The contrast between affluent, private new growth and abandoned public infrastructure marks

sprawl as socially destructive.

As social science researchers William Goldsmith, Robert Bullard, Gregory Squires, and others

have shown, the worst burdens fall on poor households (predominantly of people of color and

women) residing in declining inner cities and older suburbs.18 The destructive process can be

compared to the activities promoted in fifties marketing jargon as “dynamic obsolescence”

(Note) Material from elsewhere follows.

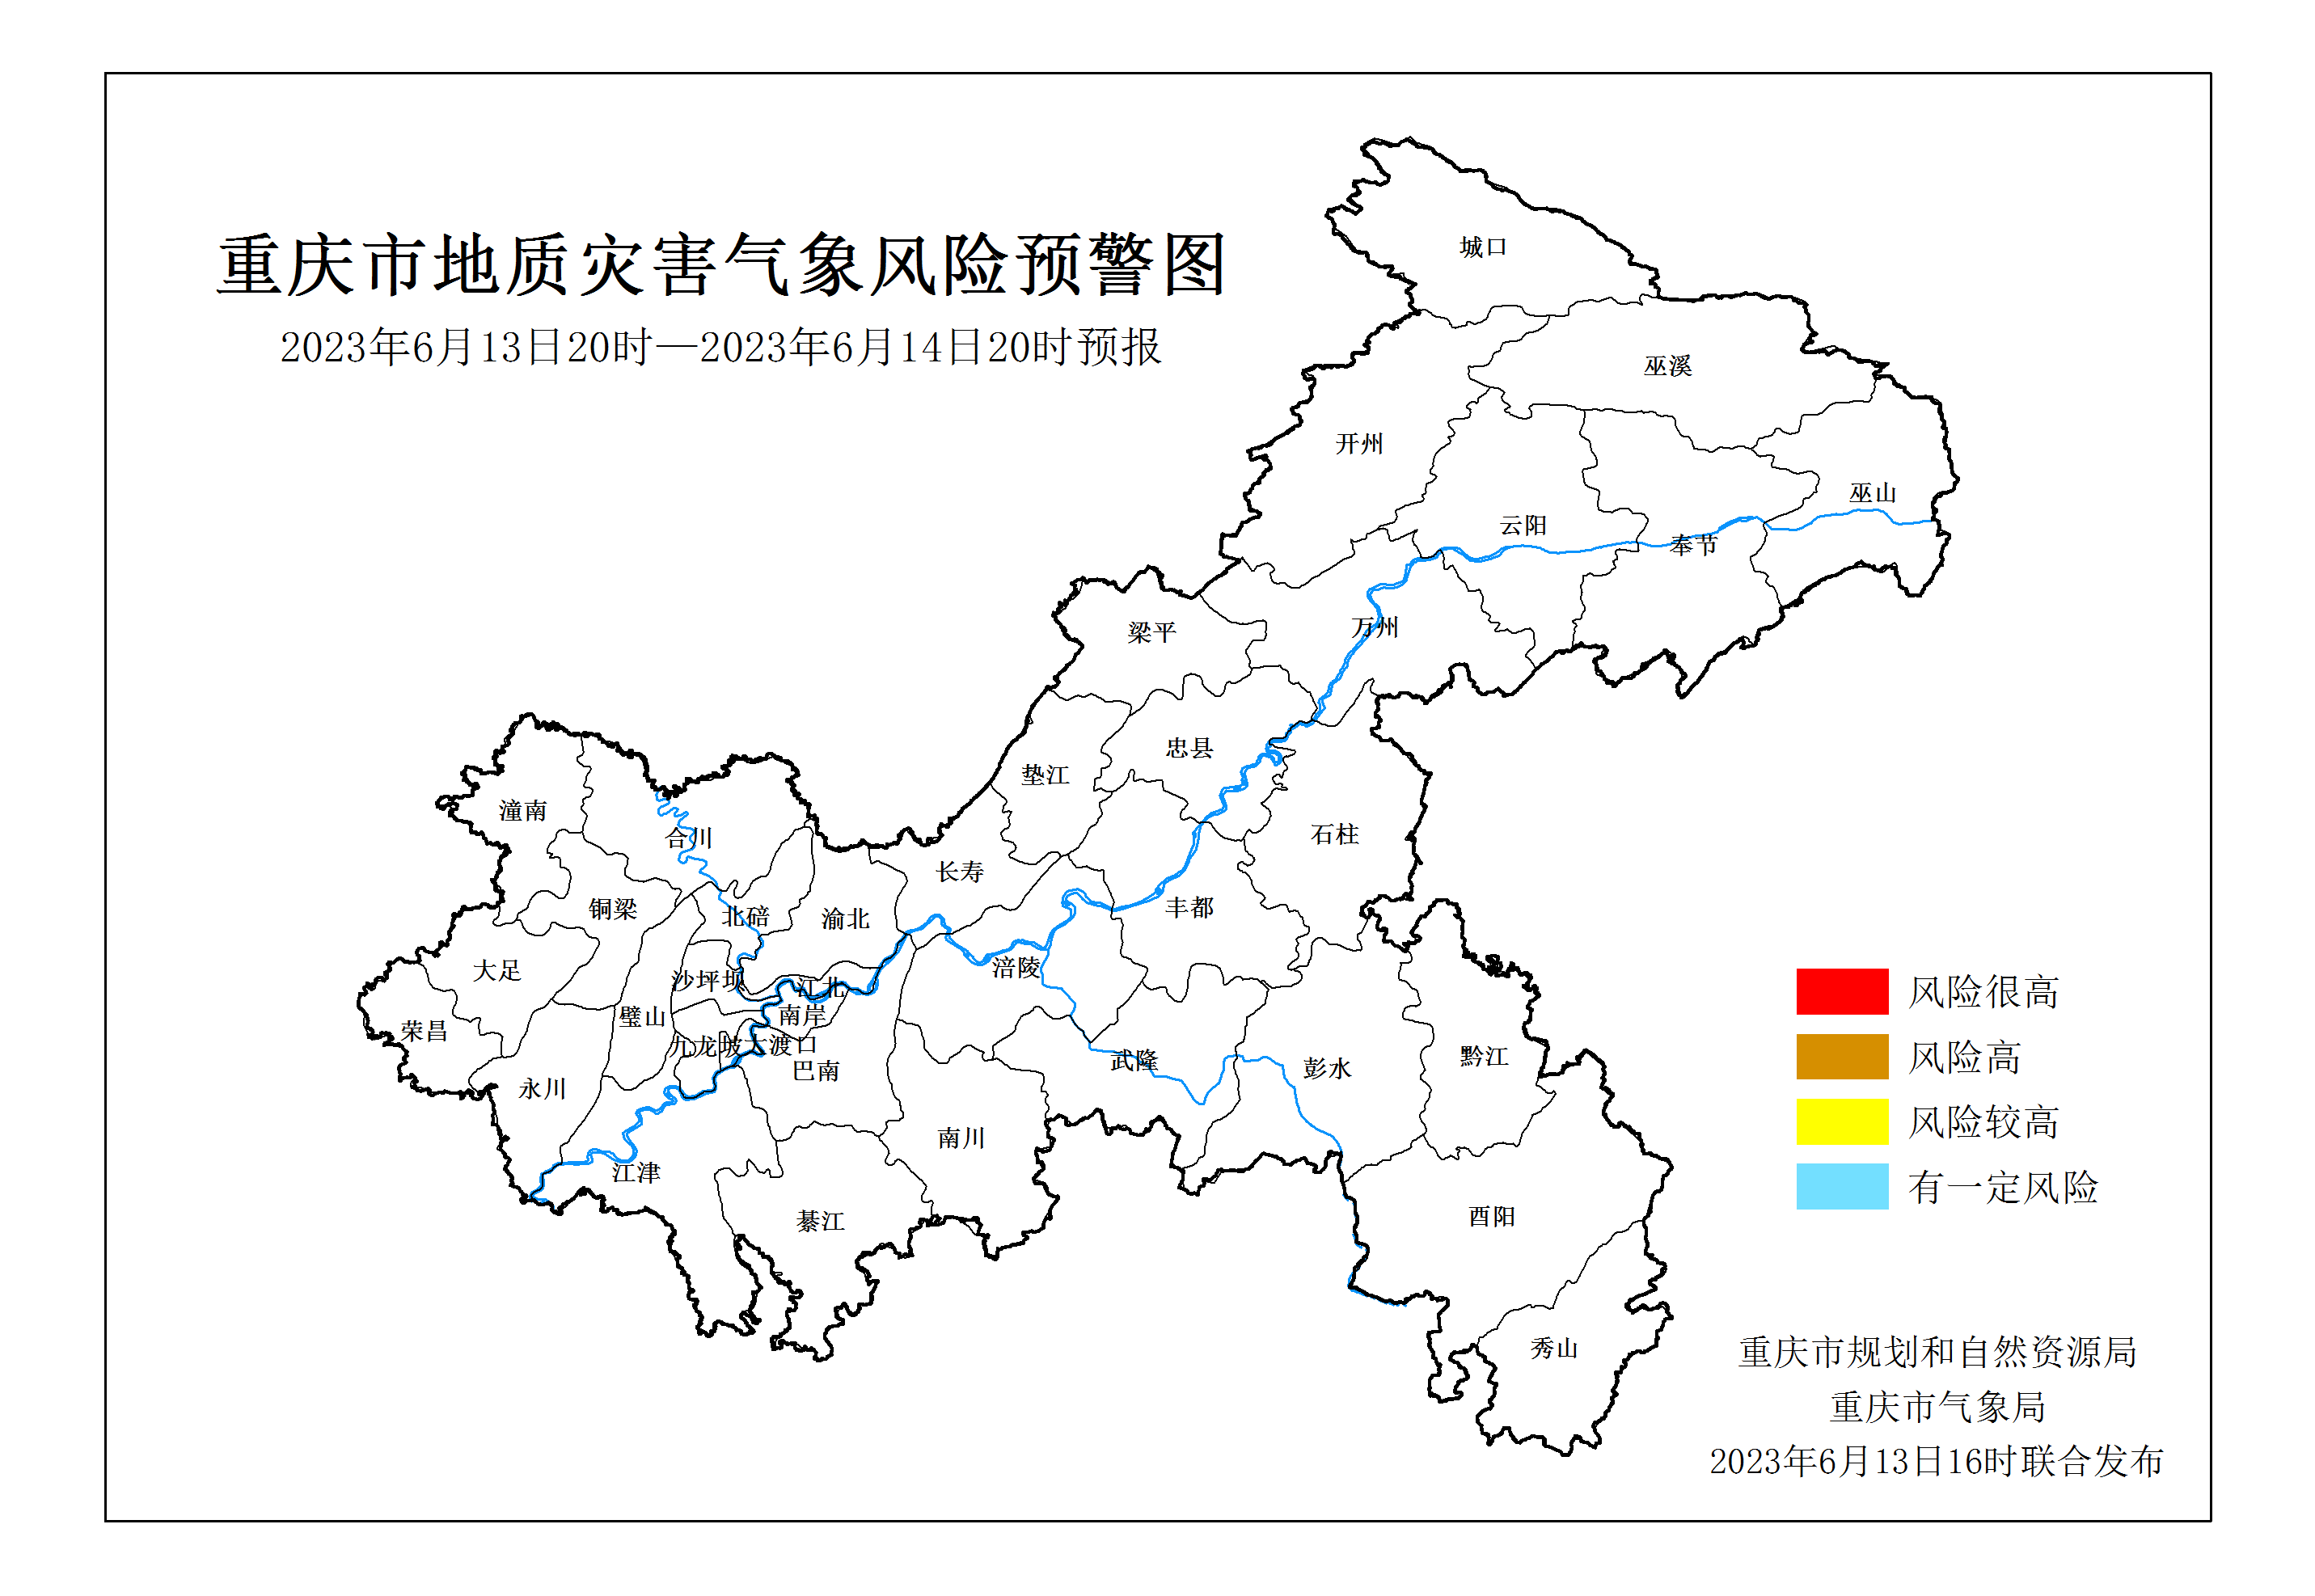 2023年6月13日重庆市地质灾害气象风险预警图24小时预报

(General Motors designer Harley Earl coined the phrase for Cadillac fins—a new tail fin every

year to hasten consumption). Turning over the built environment so rapidly is a process no

country can afford, but in 1954, Eisenhower introduced accelerated depreciation for green field

commercial real estate development, providing huge tax windfalls for just this approach.

I argue that the visual culture of sprawl should be read as the material expression of a political

economy organized around unsustainable growth. Sprawl is driven by “growth machines,”

coalitions of business and political leaders who favor unlimited growth and green field

construction. In Urban Fortunes: The Political Economy of Place, social scientists Harvey

Molotch and John Logan have defined a pro-growth political lobby pressing for unrestricted real

estate development as the national expression of many “growth machines” or “sprawl machines”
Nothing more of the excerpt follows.